Длинные тени протянулись в садик. За оградой звенят детские голоса. Между кустами сирени и смородины глухо жужжат косы. Это уже второй день нашей тюремной сенокосной страды. И вчера эти же два косаря в белых куртках с клеймами на спине грызли тупыми, короткими косами траву на нашем газоне. Нынче работает еще третий — старик с серым лицом, в шлыке, лихо сбитом набекрень. Он ворошит подсохшие ряды и складывает маленькие копешки. От выспевших одуванчиков подымается мелкий пух, как рой сквозистых мелких мушек. Медленно кружится в солнечном свете, вьется, летит навстречу — прямо в лицо. Маленькая бабочка трепещет крылышками, и так мило сквозят они на солнышке. Пахнет свежим сеном, веет мечтой о далекой родине, о сенокосе, о песнях… Сладкий восторг и слезы закипают в сердце, в груди уже звенят и трепещут милые, родные мотивы. Волнуют воспоминаниями, просятся наружу знакомые звуки, дразнят забытою радостью…
— По-кос… — иронически шепчет мой сосед сзади. — Разве это покос? Слезы, а не покос! Такие, что ль, покосы бывают у нас в Пронском уезде? Эх, тюрьма, тюрьма… Не мимо сказано: темница… и больше ничего…

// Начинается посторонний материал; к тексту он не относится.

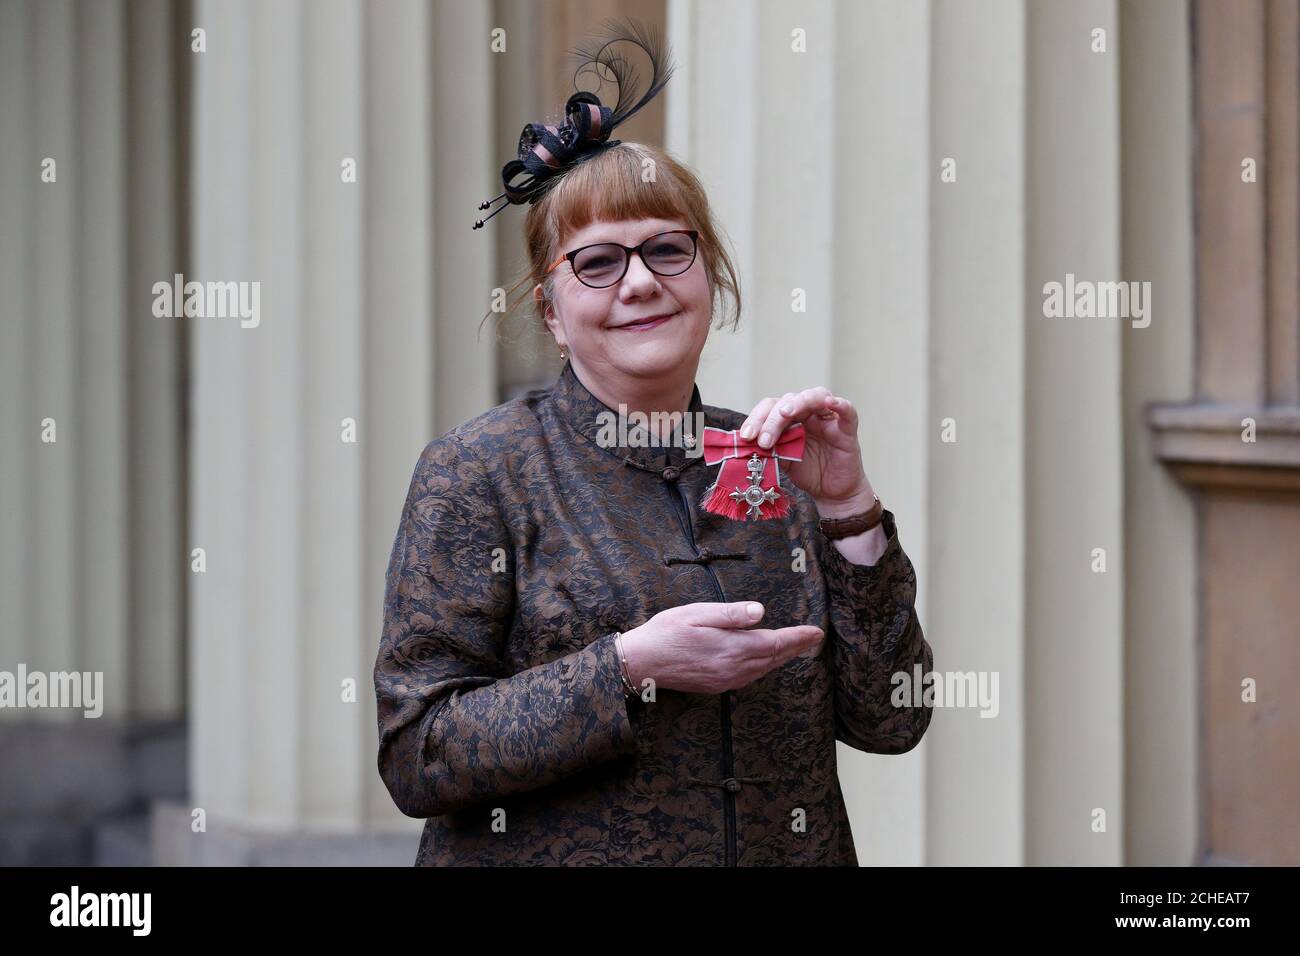 Rosemary Johnson, former Executive Director of the Royal Philharmonic Society, was made an MBE (Member of the Order of the British Empire) in an Investiture ceremony at Buckingham Palace, London. Stock Photo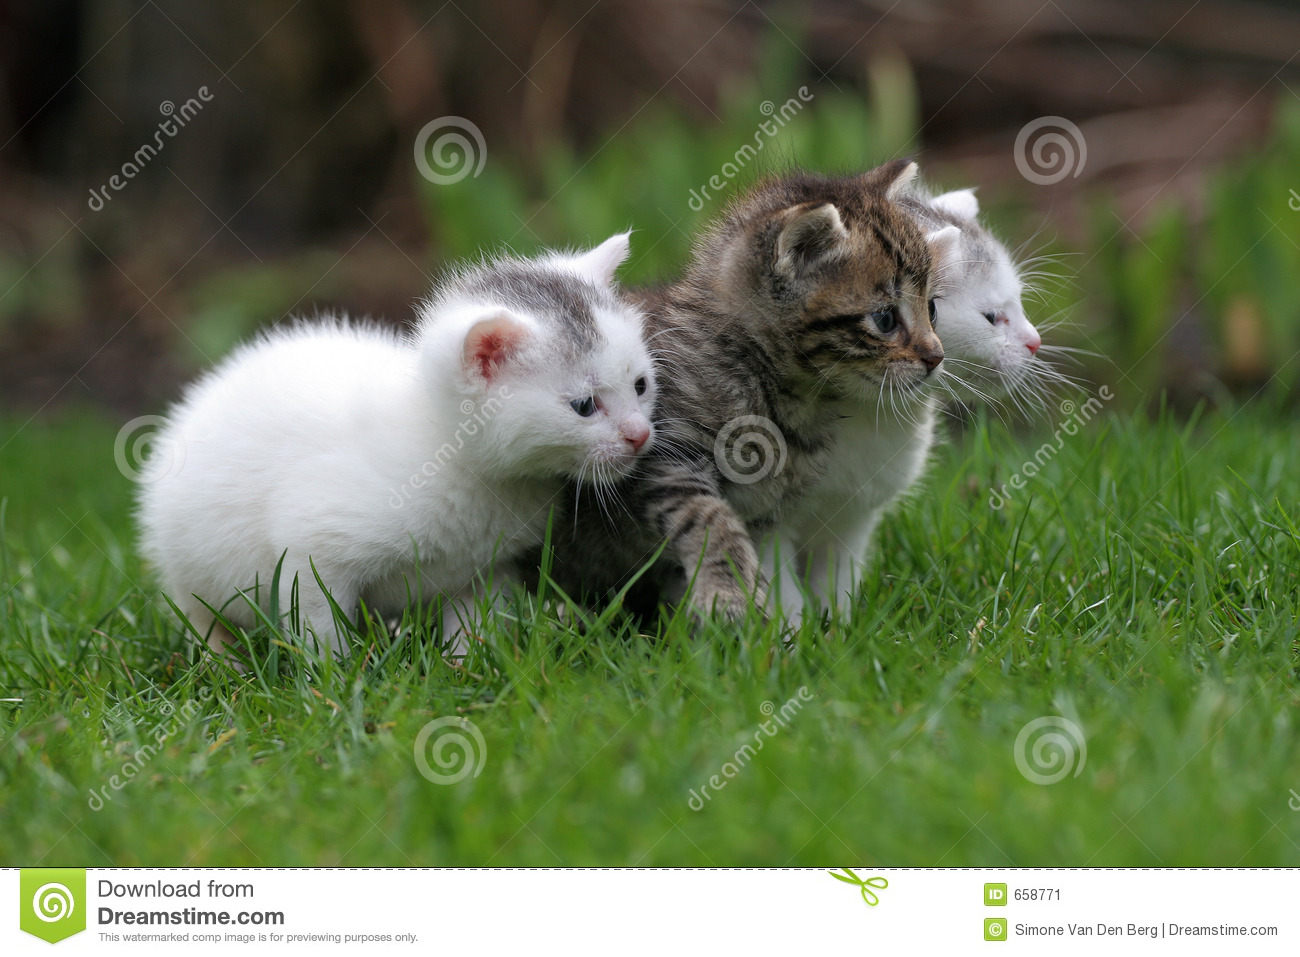 Three Little Kittens Sitting Outside In The Grass  Focus Is On Middle

Покос, пожалуй, и плохенький… Ну да, плохенький, тесный, развернуться негде — кустики, деревца, грядки цветов. Ряды кривые, короткие, лежат разбросанные в беспорядке. Косы — видно, что тупые, плохо прилаженные. Косцы часто останавливаются, долго точат их брусками, а не лопатками, как у нас. Один сел и начал стучать молотком по своему косырю. Плохой покос — но то, что па воле, но то, что у нас. Так начинаю думать я, так, вероятно, думает каждый из кружащихся по панели зрителей.
— Видать, что скопской: берет не чисто, без толку шматует, — слышу я опять замечание сзади. Направлено оно, очевидно, по адресу косаря, который работает поближе к нам.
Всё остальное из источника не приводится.